→ DATA SECTION:
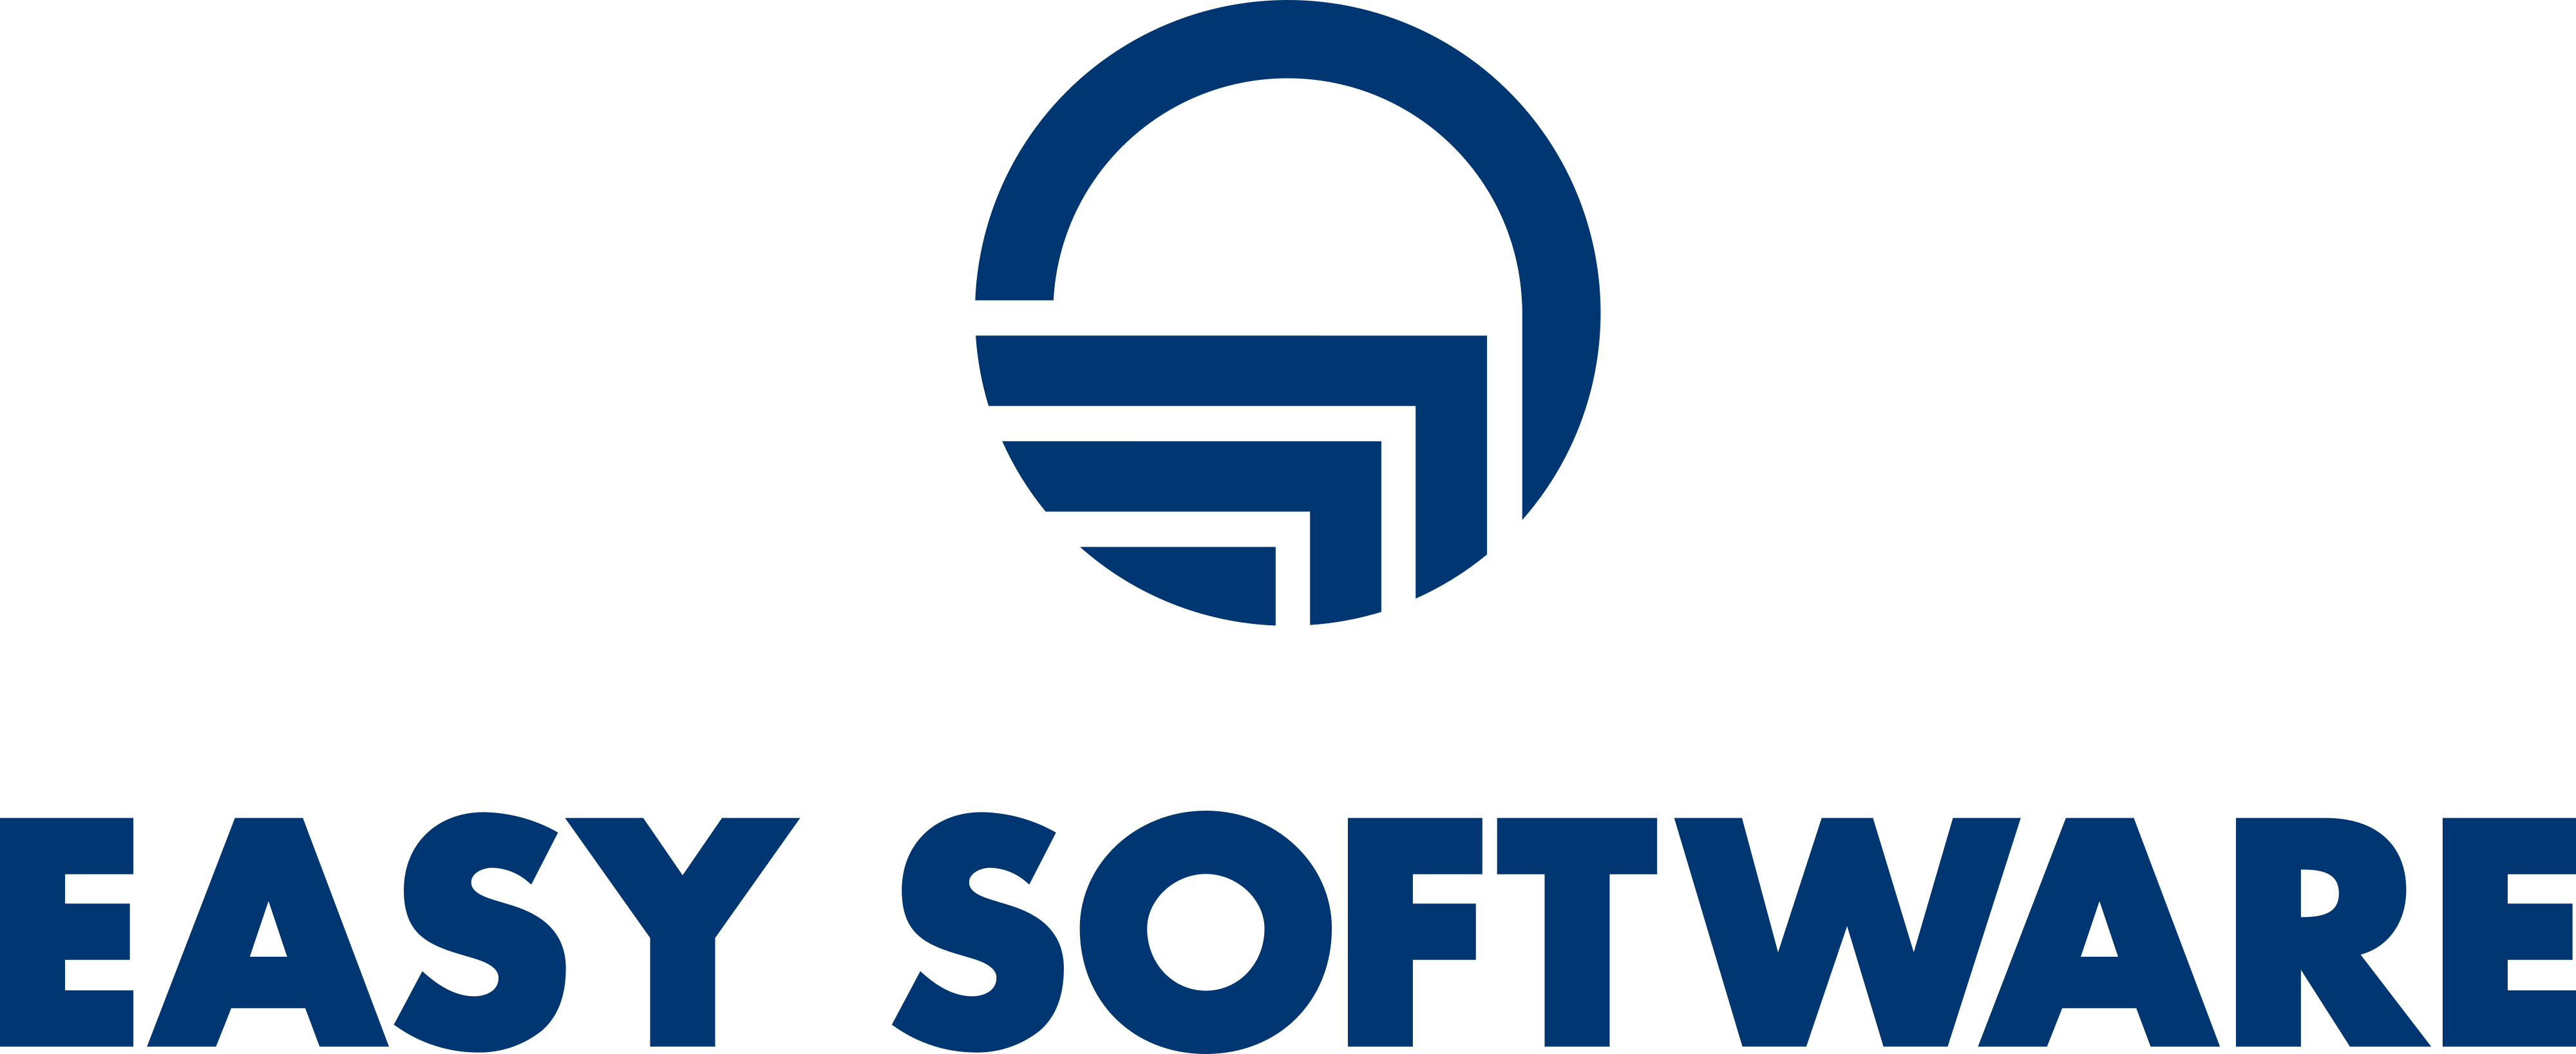 Easy Software logo - download.
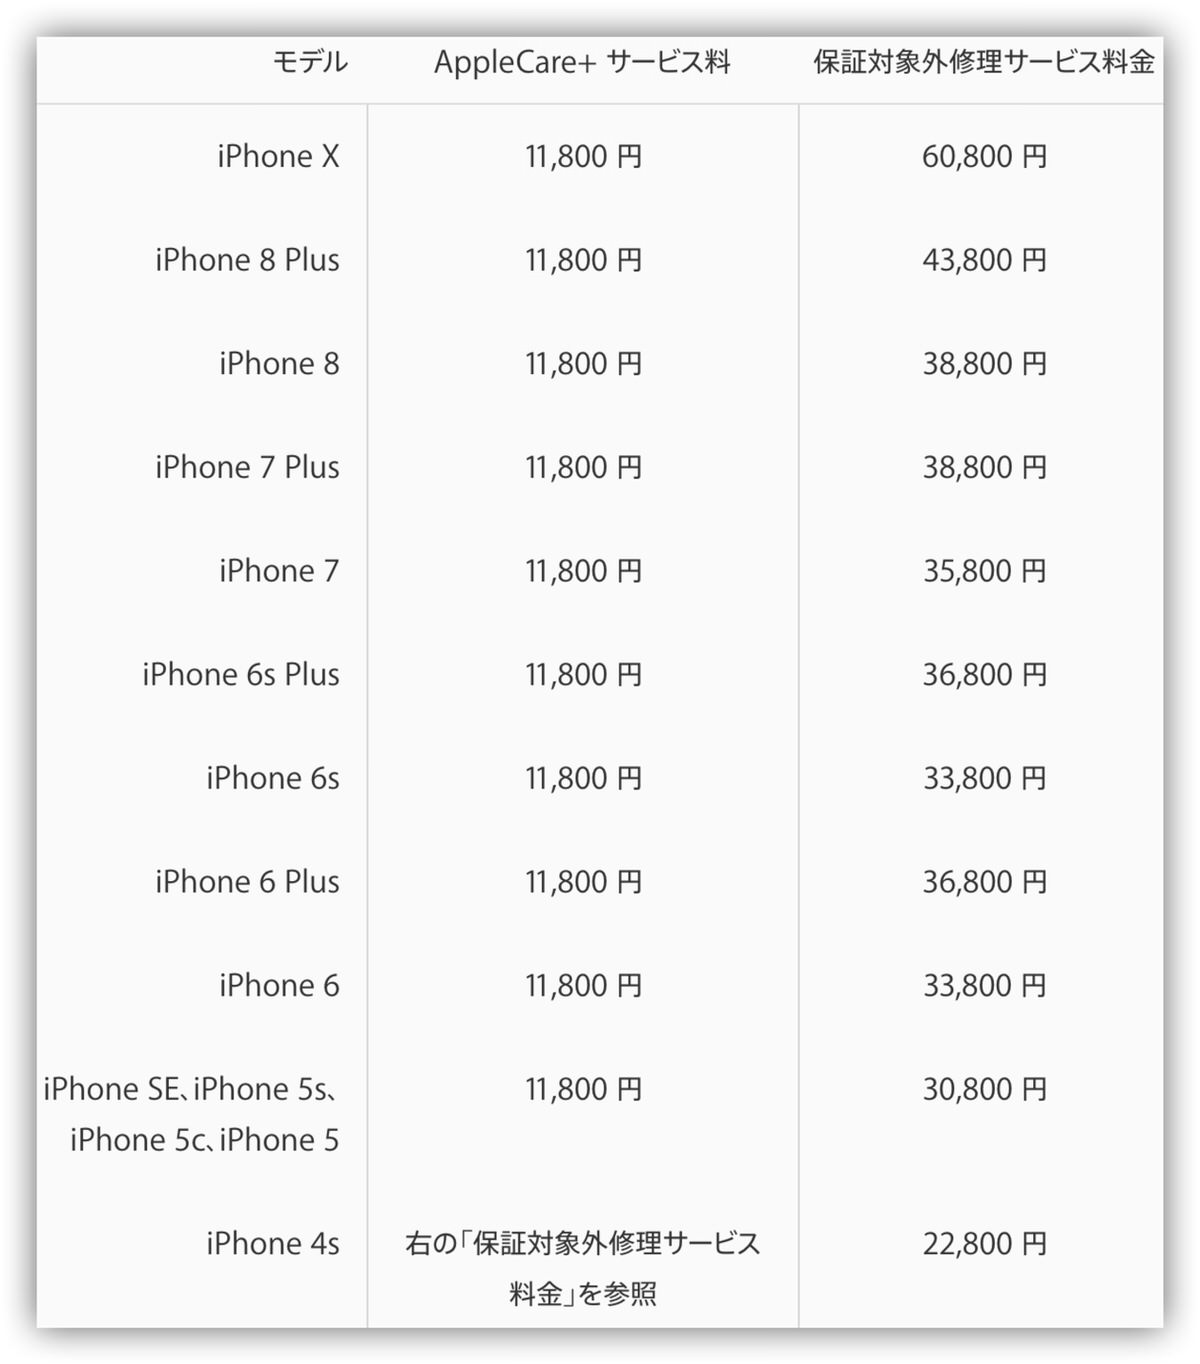 AppleCare+料金表
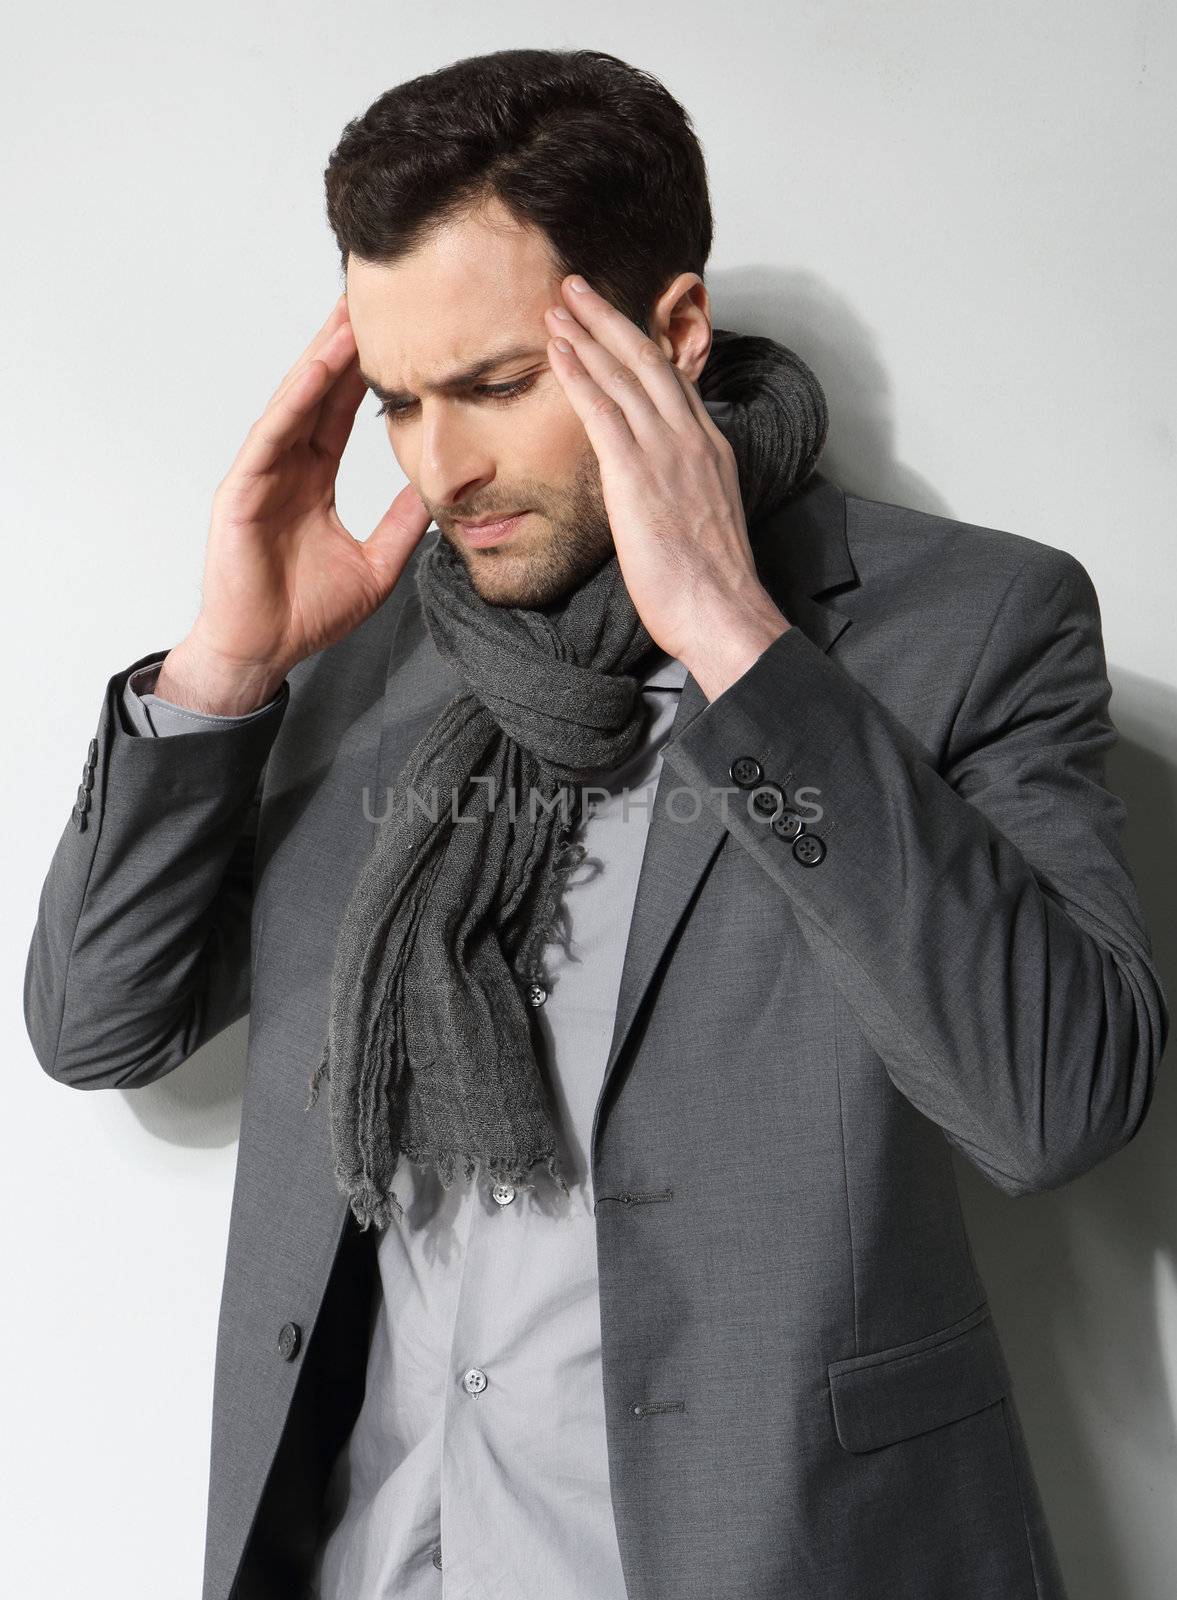 Stressed businessman with a headache on a gray background by robert_przybysz
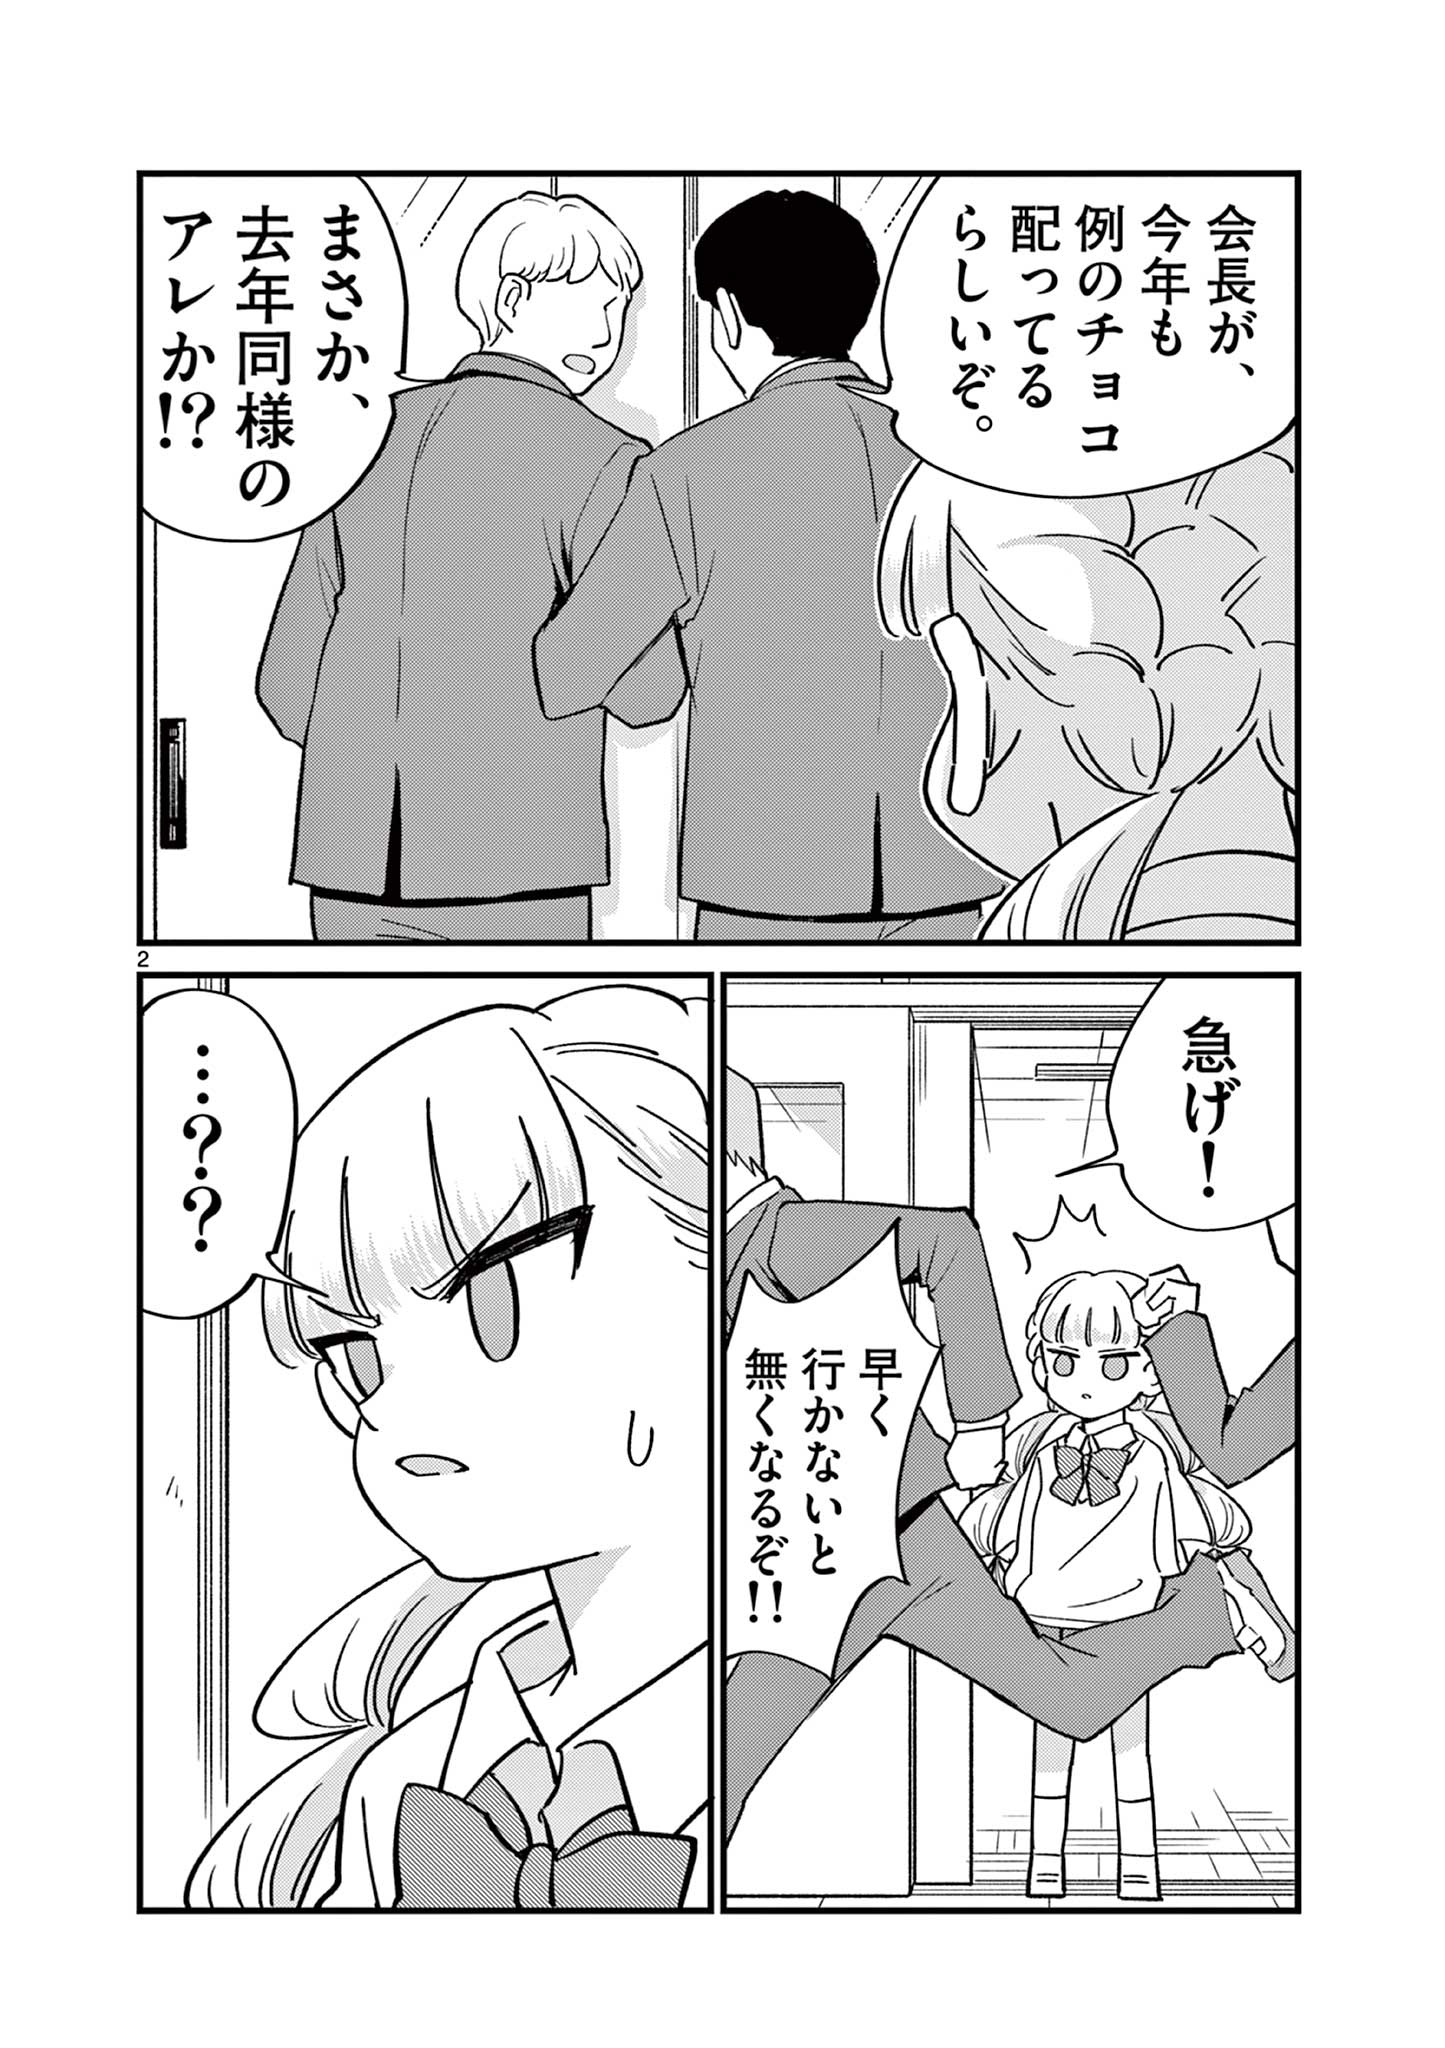 Ranka-chan wa Bitch ni Naritai - Chapter 21 - Page 2

→ EXERCISE PROMPT:
When you retype the data above, match every line exactly and leave the pictures behind.

→ ANSWER TO THE EXERCISE:
 Easy Software logo - download.
 AppleCare+料金表
 Stressed businessman with a headache on a gray background by robert_przybysz
 Ranka-chan wa Bitch ni Naritai - Chapter 21 - Page 2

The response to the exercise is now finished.